I am using the following settings:
temperature=1.0
top_p=0.95
top_k=64
min_p=0.0
Am I missing something? I suspect there's a misconfiguration somewhere in my setup.
+1. cannot reproduce IFEval score too, my evaluation results are among ~26%.
I'm working with temperature=0.2 and it's better
With
temperature=0.2
top_p=0.95
top_k=64
min_p=0.0
It got 27.9% on IFEval. It's a slight improvement, but there's still a gap to the 51.2%.
I honestly don’t know—maybe try 0.0 or 0.1 😅. Good luck.
Try this?
temperature = 0.1 // less random token picking
top_p = 0.95
top_k = 64
min_p = 0.25 // lower minimum probability
I’m really curious about IFEval score
By the way, I’m using llama.cpp. I forgot to mention that last time.
I am also having trouble replicating the results reported. I am using the standard lm_eval harness. I get the following results, and the biggest gap is in IFEval (with inst_level_loose_acc metric).

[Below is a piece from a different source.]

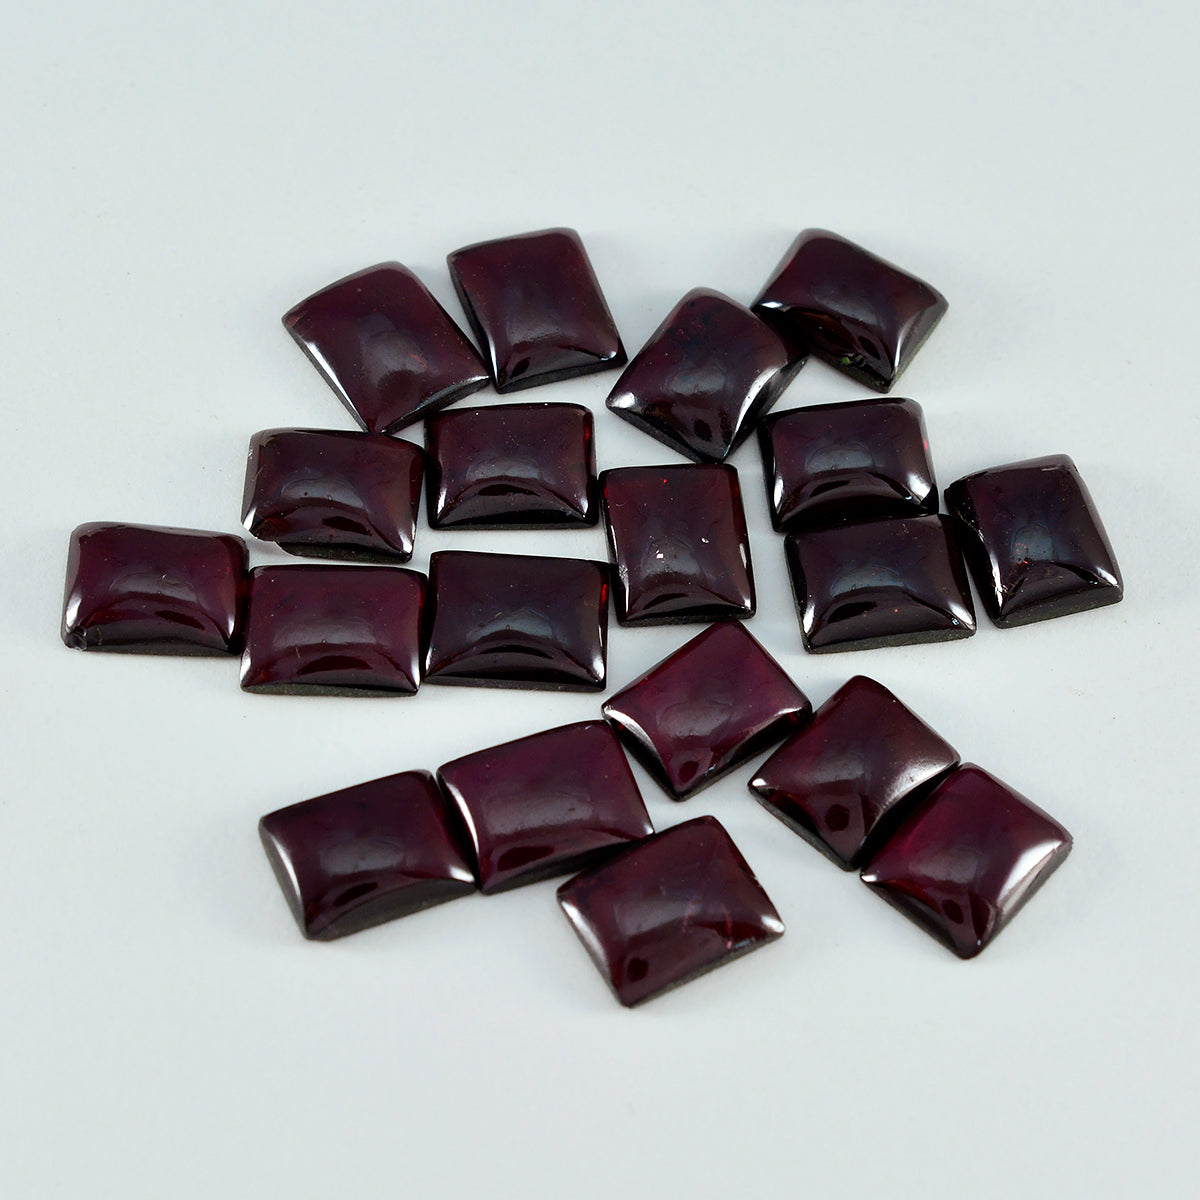 Riyogems 1PC Red Garnet Cabochon 5x7 mm Octagon Shape fantastic Quality Stone
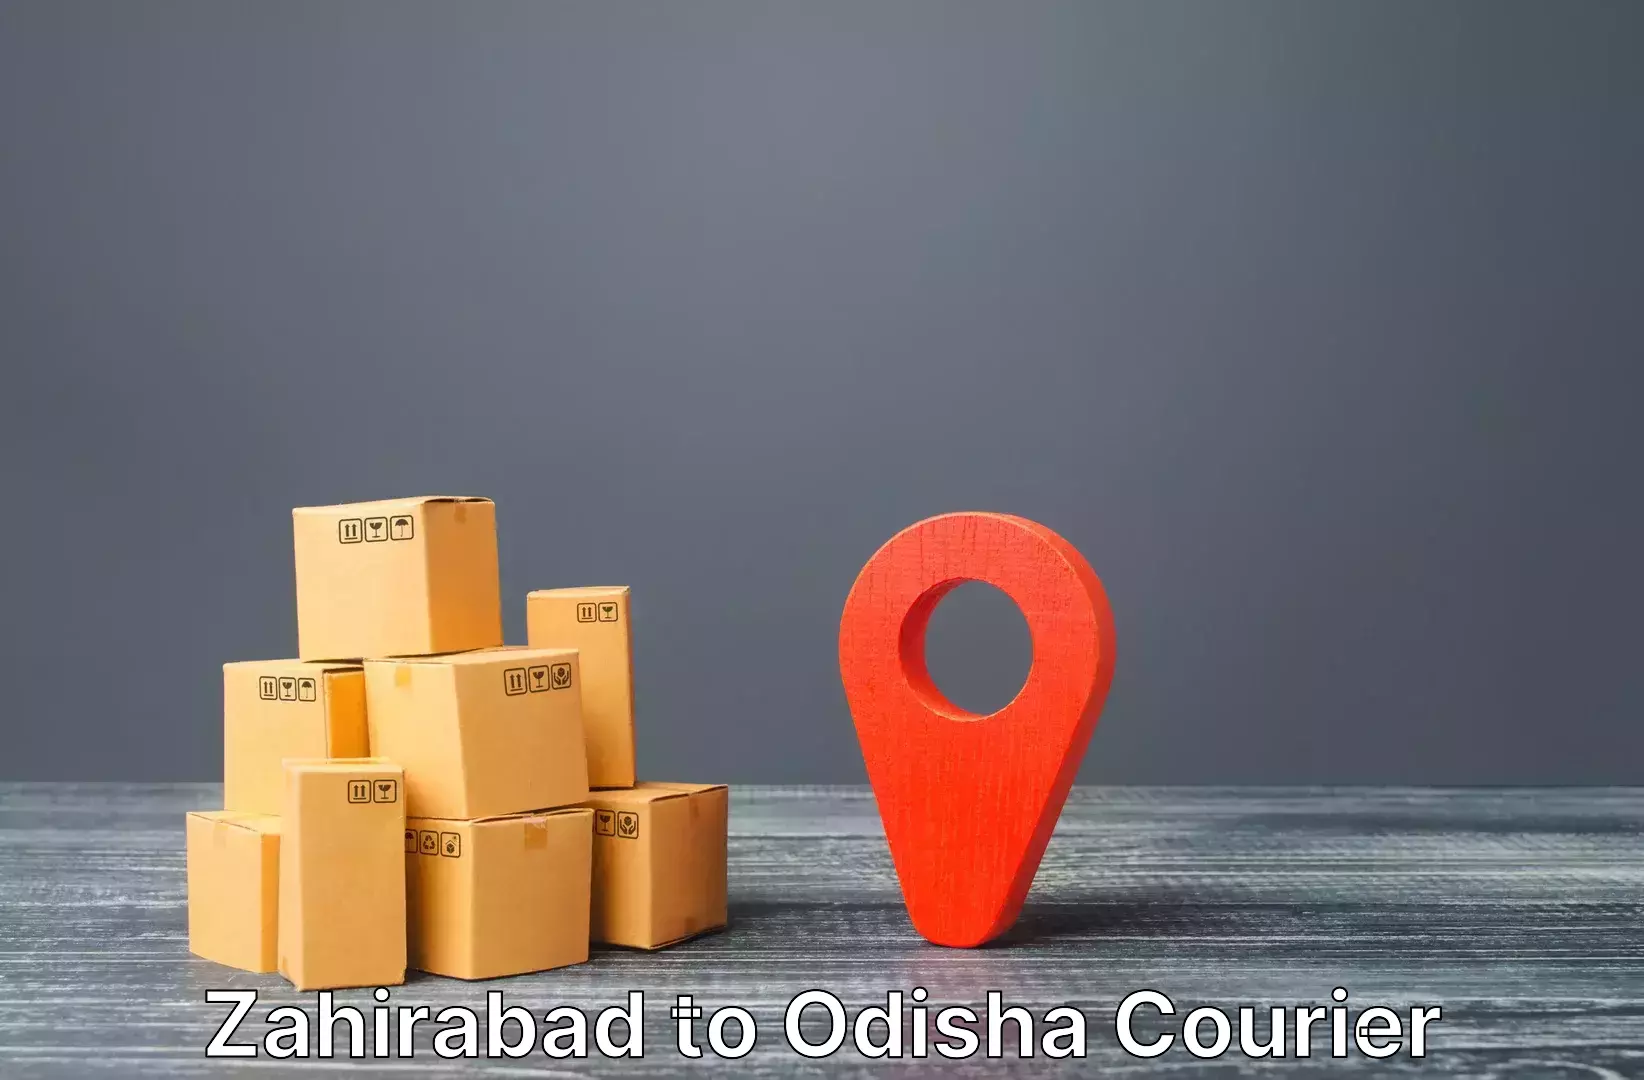 Luggage delivery news in Zahirabad to Kuchinda

Gemma 3 270M IT - Actual Results vs Google's Reported Baseline
Benchmark | n-shot | Actual Results | Google Reported | Delta | Match Status |
---|---|---|---|---|---|
HellaSwag | 0-shot | 33.5% | 37.7% | -4.2% | ❌ Lower |
PIQA | 0-shot | 65.6% | 66.2% | -0.6% | ✅ Close |
ARC-c | 0-shot | 24.5% | 28.2% | -3.7% | ❌ Lower |
WinoGrande | 0-shot | 53.2% | 52.3% | +0.9% | ✅ Close |
BIG-Bench Hard | 3-shot | 26.8% | 26.7% | +0.1% | ✅ Match |
IFEval (inst_level) | 0-shot | 37.7% | 51.2% | -13.5% | ⚠️ Gap |